- Aim of the task
Could you please output all of the data exactly, without the images?

Information supplied START

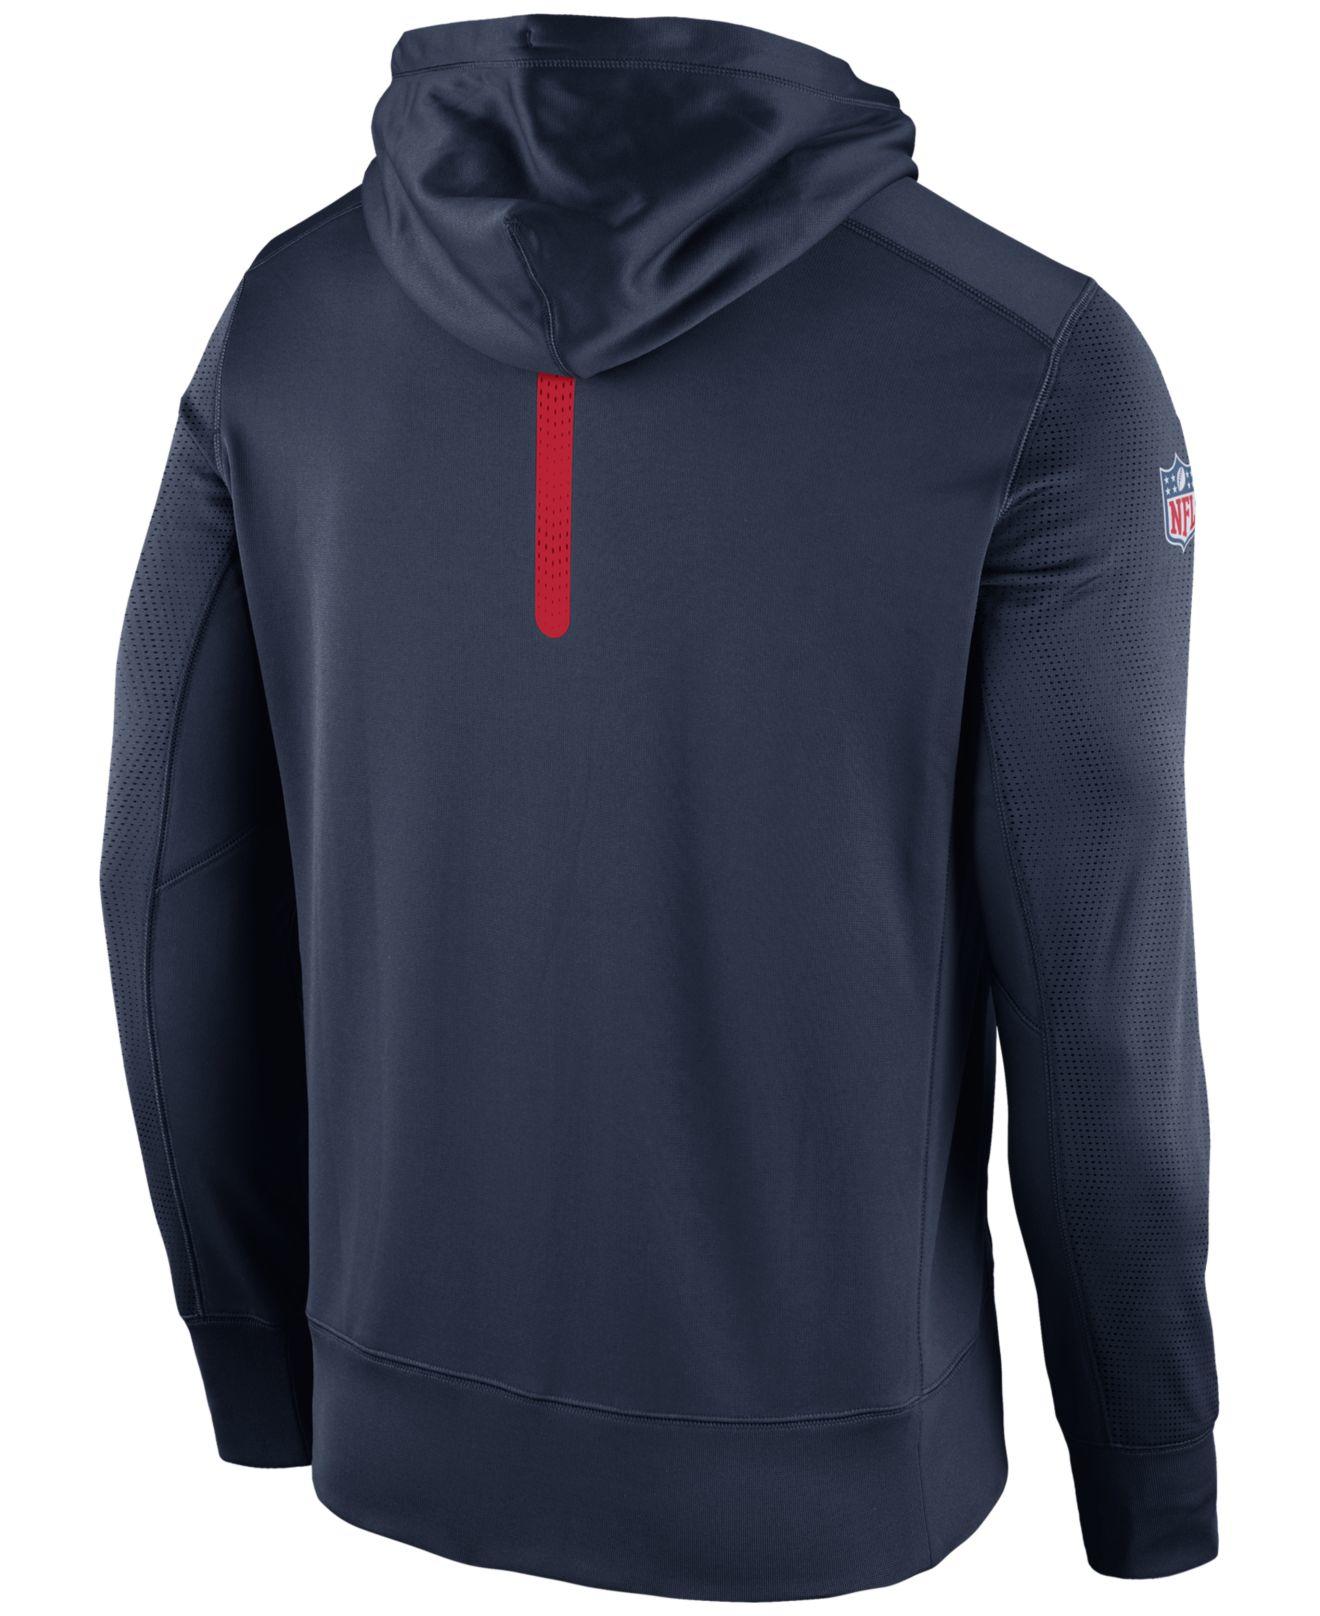 Lyst - Nike Men s New England Patriots Sideline Ko Fleece Full-zip ... 43f819a75
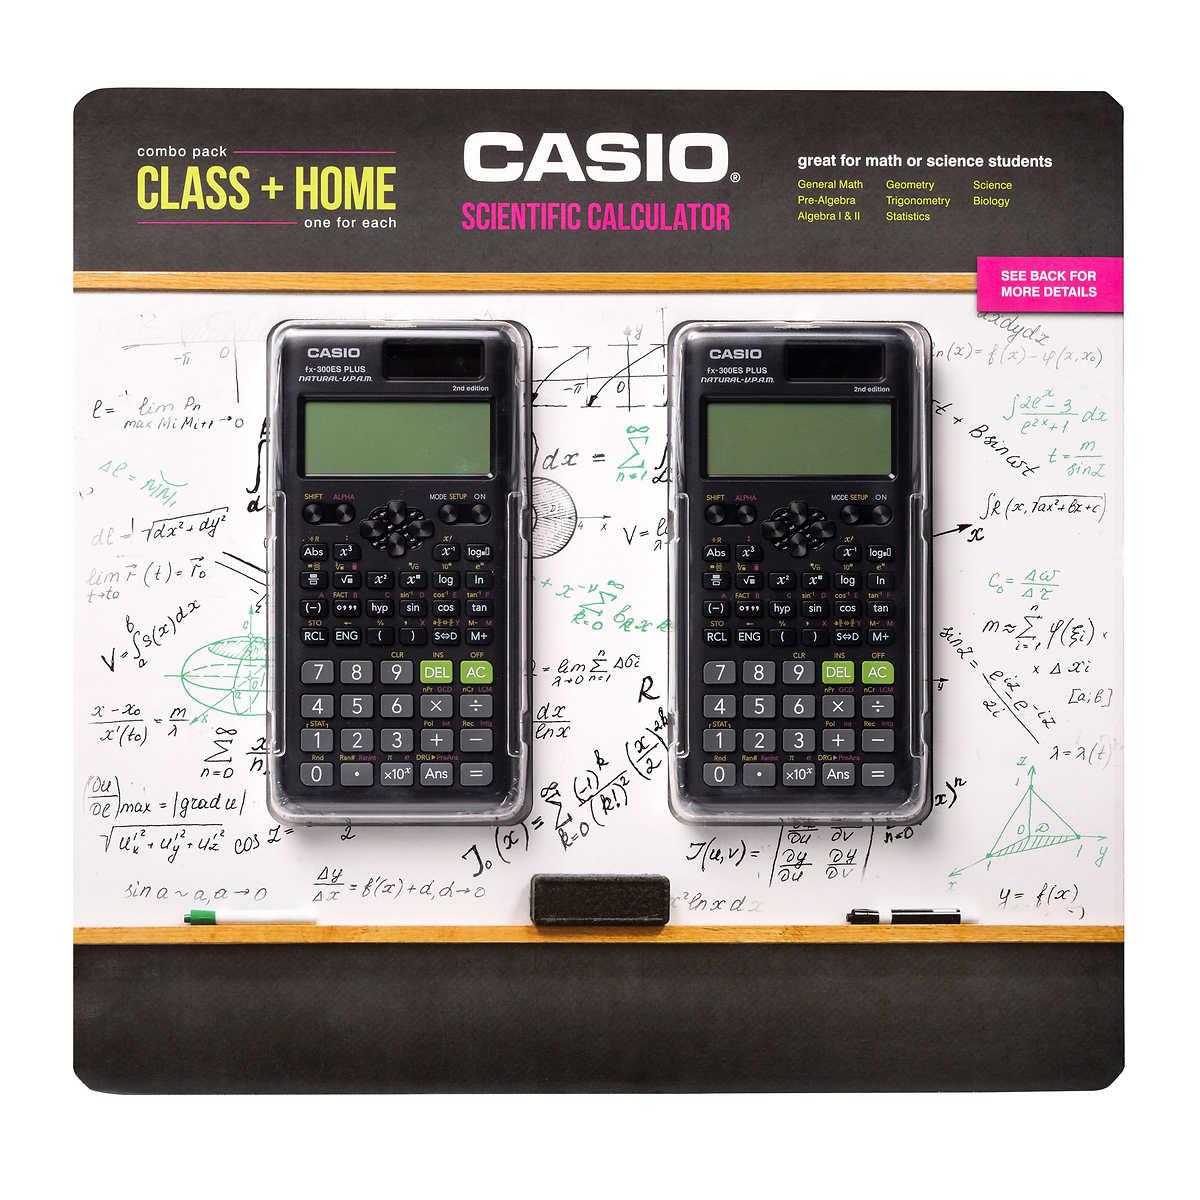 Casio Fx 300espls2 S 2nd Edition Scientific Calculator 2 Pack
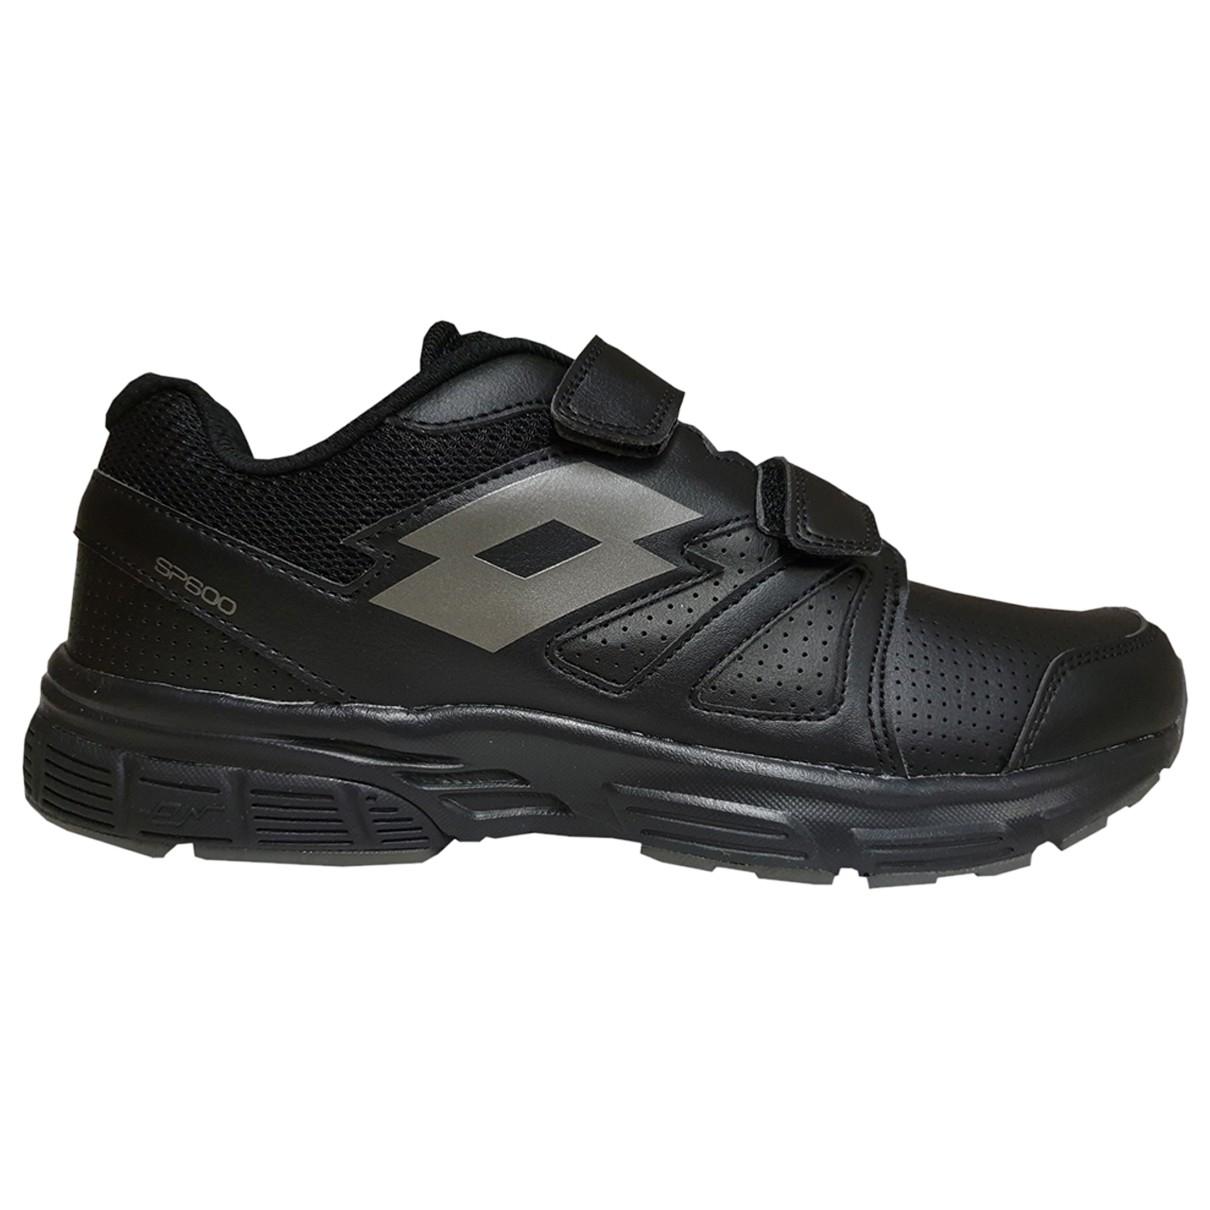 Lotto \N Sneakers in  Schwarz Leder
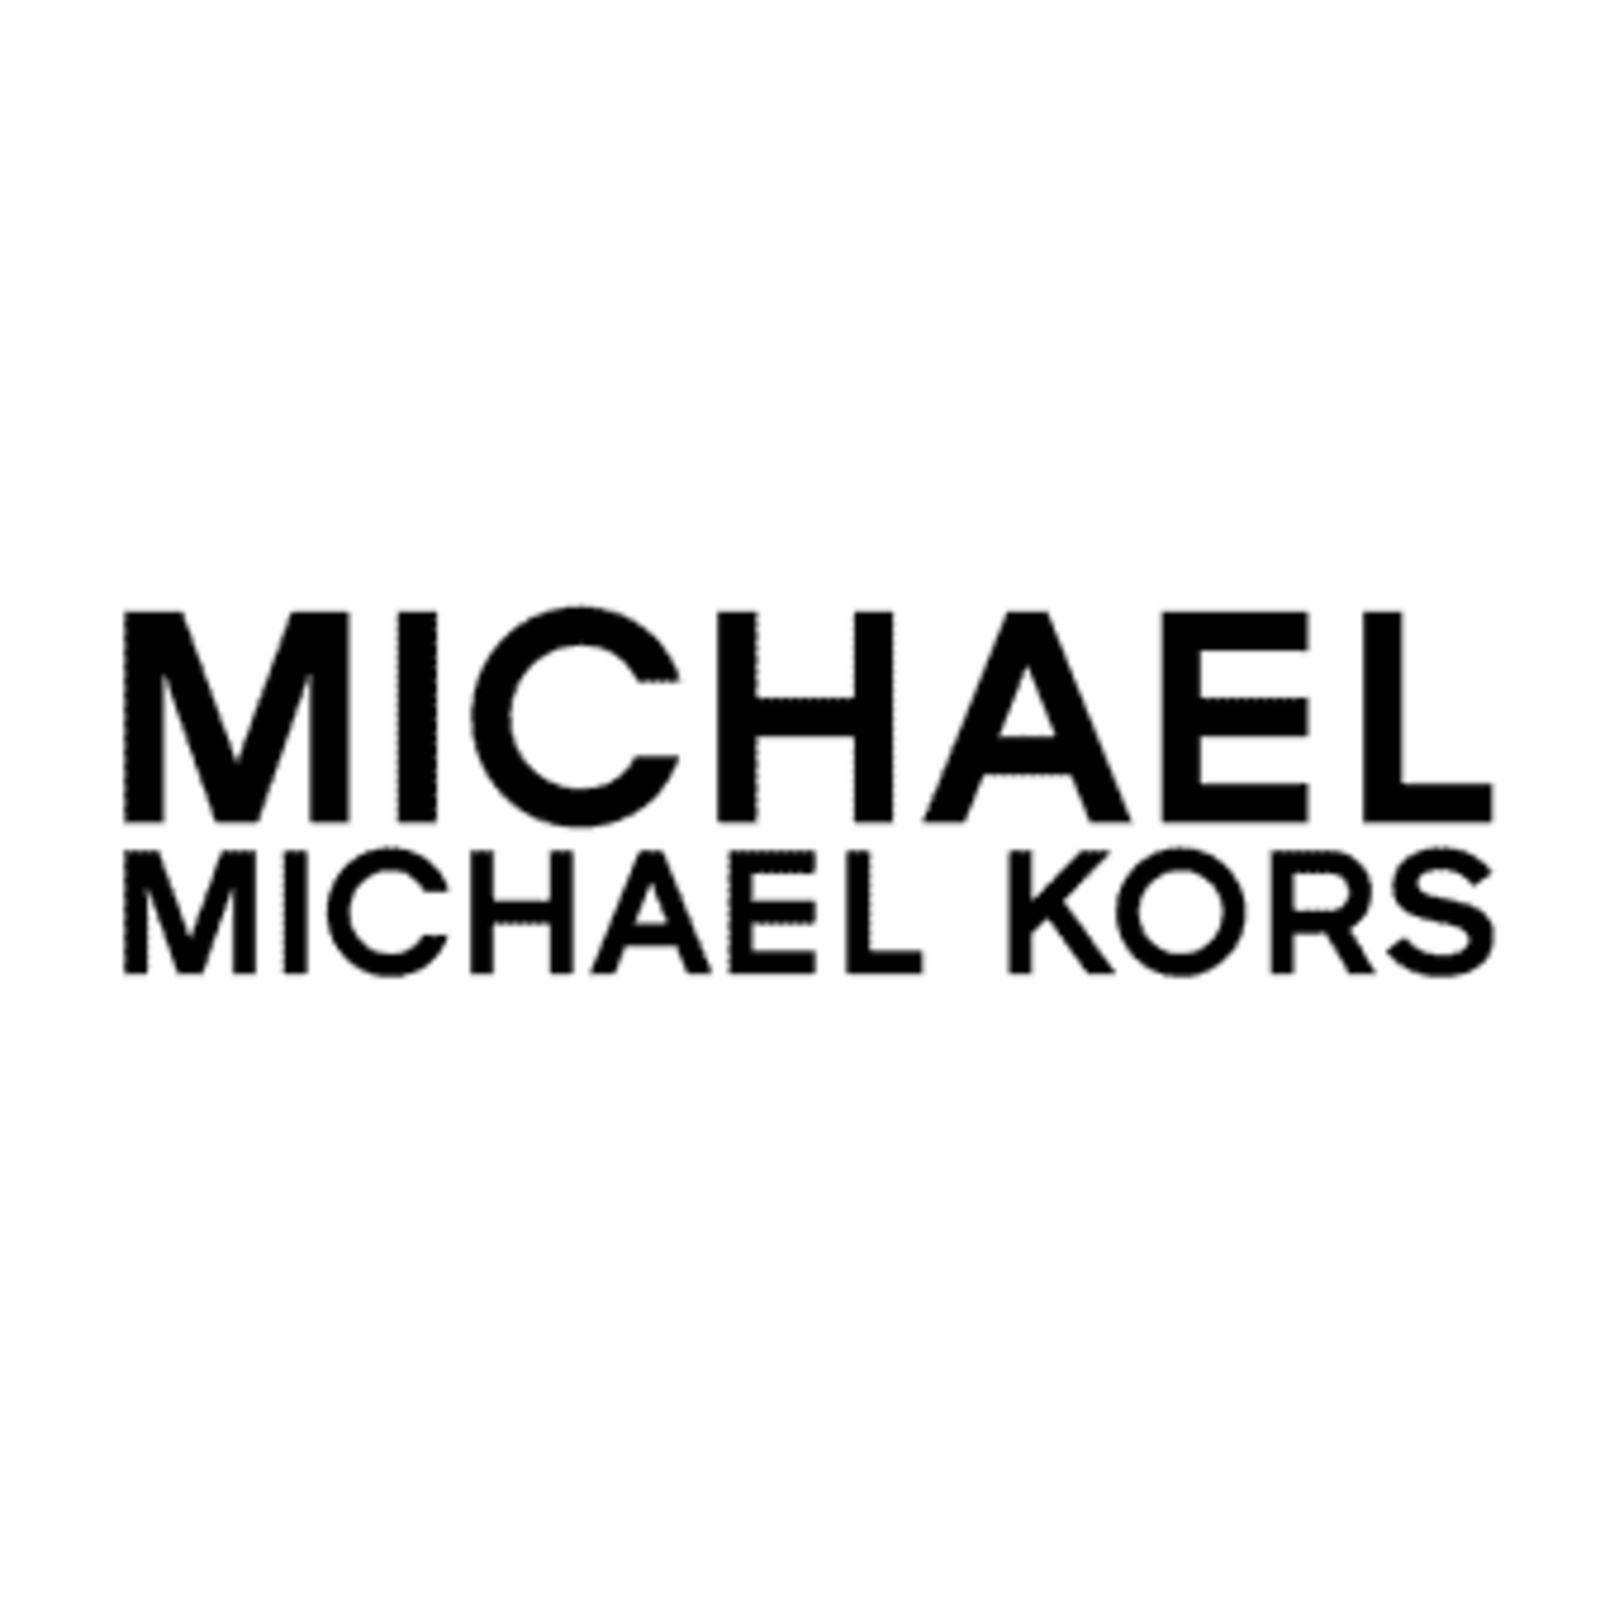 MICHAEL MICHAEL KORS (Image 1)

Information supplied END

- Exercise output
 Lyst - Nike Men s New England Patriots Sideline Ko Fleece Full-zip ... 43f819a75
 Casio Fx 300espls2 S 2nd Edition Scientific Calculator 2 Pack
 Lotto \N Sneakers in  Schwarz Leder
 MICHAEL MICHAEL KORS (Image 1)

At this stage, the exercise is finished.